NukeBase

Custom POST Endpoints

Define POST routes by attaching handlers to nukebase.app. Two flavors are available:

  • app.postWithBody(path, handler) - POST endpoint with automatic body parsing and authentication.
  • app.post(path, handler) - Lightweight POST handler with no automatic parsing.
Parameter order: All handlers receive (res, req)res first, then req. This matches the underlying uWebSockets convention and is the opposite of Express.

For serving static files (HTML, CSS, JS, images), see Serving Static Files.

postWithBody (POST with Body Parsing)

Use postWithBody to create POST endpoints with automatic body parsing and authentication.
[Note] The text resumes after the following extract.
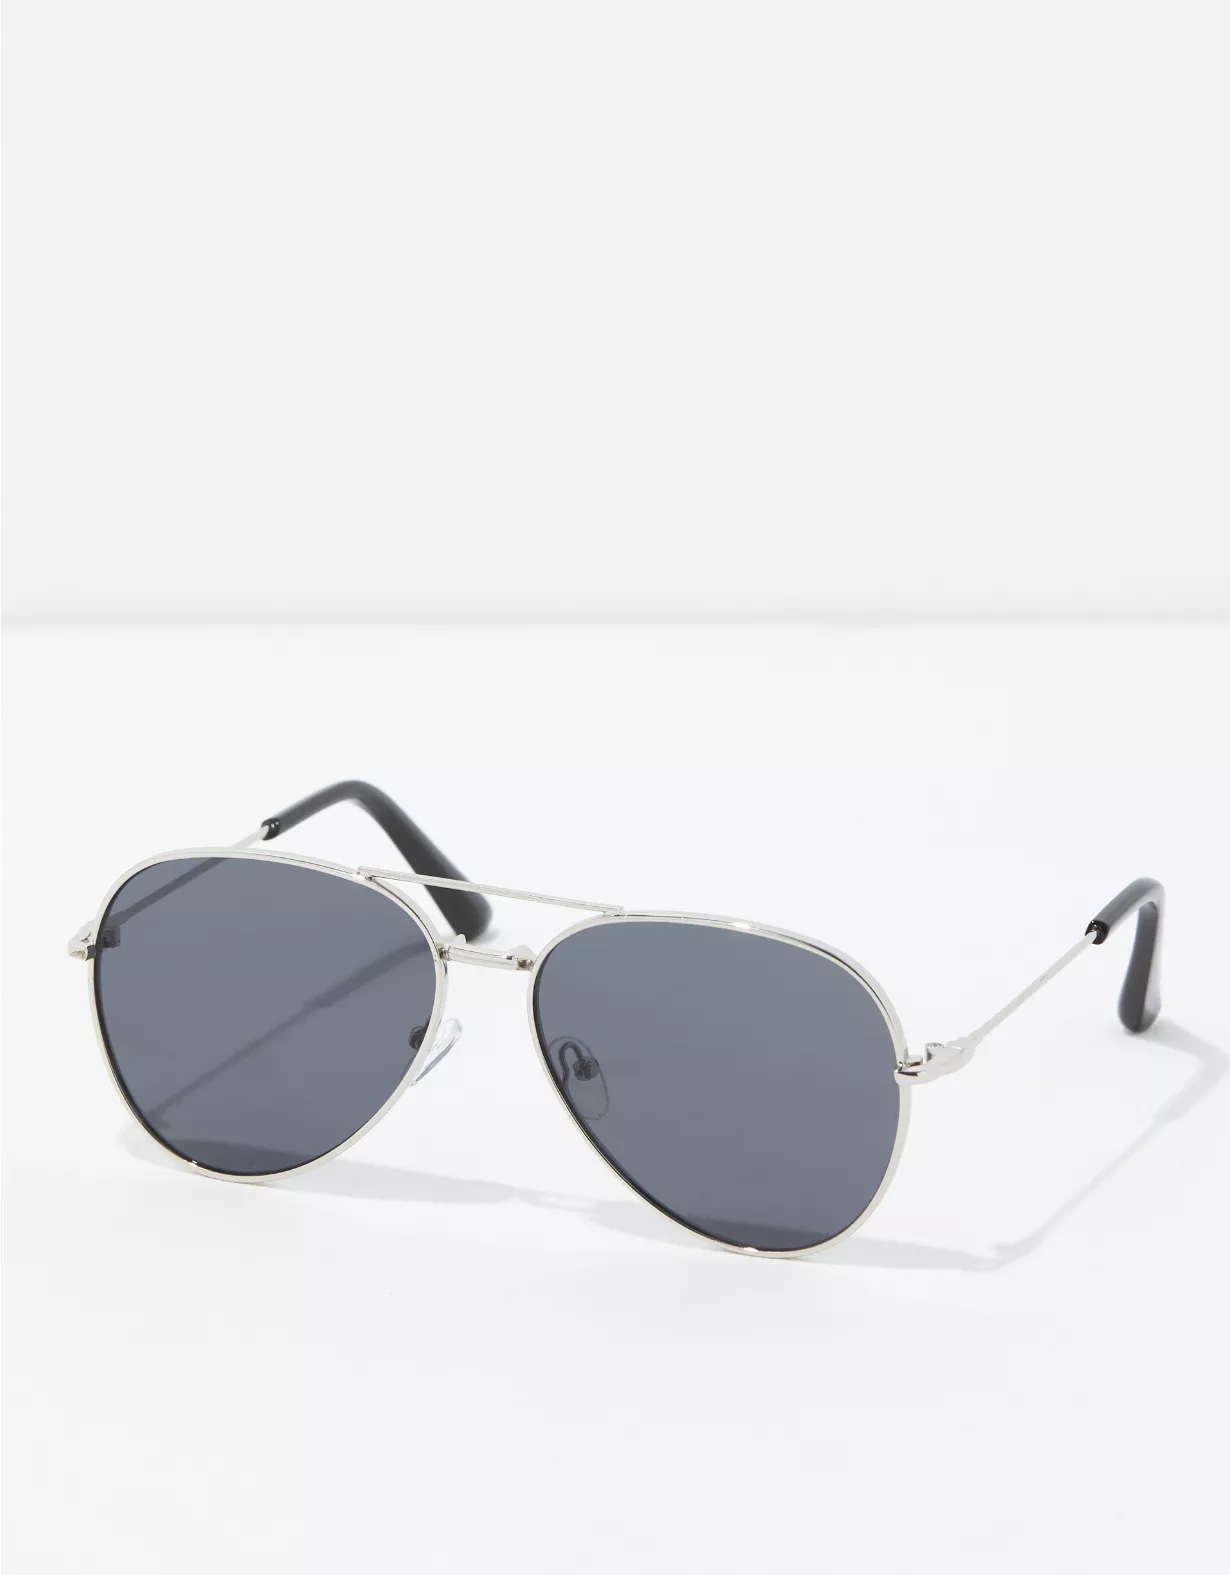 AEO Silver Aviator Sunglasses

It automatically calls checkAuth(req, res) and populates req.admin with the authenticated user's information.

postWithBody — automatic auth via req.admin
// postWithBody automatically parses the body AND runs checkAuth()
nukebase.app.postWithBody('/api/contact', (res, req) => {
  // req.admin is automatically populated by checkAuth()
  if (!req.admin.uid) {
    return res.send(JSON.stringify({ status: "Failed", message: "Not authenticated" }));
  }

  const { name, email, message } = req.body;

  // Save to database with the authenticated user's ID
  set(["contactForms", generateRequestId()], {
    name,
    email,
    message,
    userId: req.admin.uid,
    timestamp: Date.now()
  });

  res.send(JSON.stringify({ status: "Success" }));
});

// req object includes:
// req.admin    - Auth object from checkAuth() (always present)
// req.body     - Parsed request body
// req.host     - Request host header
// req.method   - HTTP method
// req.getHeader(name) - Get any request header
//
// req.admin includes (always present):
// req.admin.cookies   - Parsed cookies object
// req.admin.urlParams - Parsed query string parameters
// req.admin.referer, req.admin.userAgent, req.admin.ip, req.admin.url
//
// req.admin includes (only when authenticated):
// req.admin.uid, req.admin.username, req.admin.token, req.admin.claims

Supported content types for postWithBody:

  • application/json - Parsed as JSON object
  • application/x-www-form-urlencoded - Parsed as key-value pairs
  • multipart/form-data - Parsed with file upload support (file fields become arrays of { filename, type, data: Buffer })
  • text/plain - Available as req.body.text
res.send() helper: res.send(body, status) writes the status (default "200 OK") and ends the response in one call. Only available in postWithBody handlers — raw post uses res.writeStatus() + res.end() directly.

Raw post (Lightweight)

Use raw post for lightweight endpoints that don't need body parsing. You must manually call checkAuth(req, res) to get authentication information:

Raw post — manual checkAuth(req, res)
// Raw post — no automatic parsing, no req.admin
nukebase.app.post('/api/status', (res, req) => {
  // Must manually call checkAuth(req, res) to get auth info
  const auth = checkAuth(req, res);

  if (!auth.uid) {
    res.writeStatus("401 Unauthorized");
    return res.end(JSON.stringify({ status: "Failed", message: "Not authenticated" }));
  }

  res.end(JSON.stringify({
    status: "Success",
    user: auth.username,
    role: auth.claims.role
  }));
});

// Raw post only has access to raw uWebSockets methods:
// req.getHeader(name) - Get a request header
// req.getUrl()        - Get the URL path
// req.getQuery()      - Get the raw query string
// req.getMethod()     - Get the HTTP method

Auth Context

Both req.admin (in postWithBody) and the return value of checkAuth(req, res) (in raw post) return the standard auth context object — see Auth Context for the full property list and shape.

When to use which?

  • Use postWithBody when you need to read the request body (JSON, form data, file uploads). Authentication is handled automatically via req.admin.
  • Use raw post when you don't need body parsing (simple status checks, redirects, lightweight responses). Call checkAuth(req, res) manually to get auth info.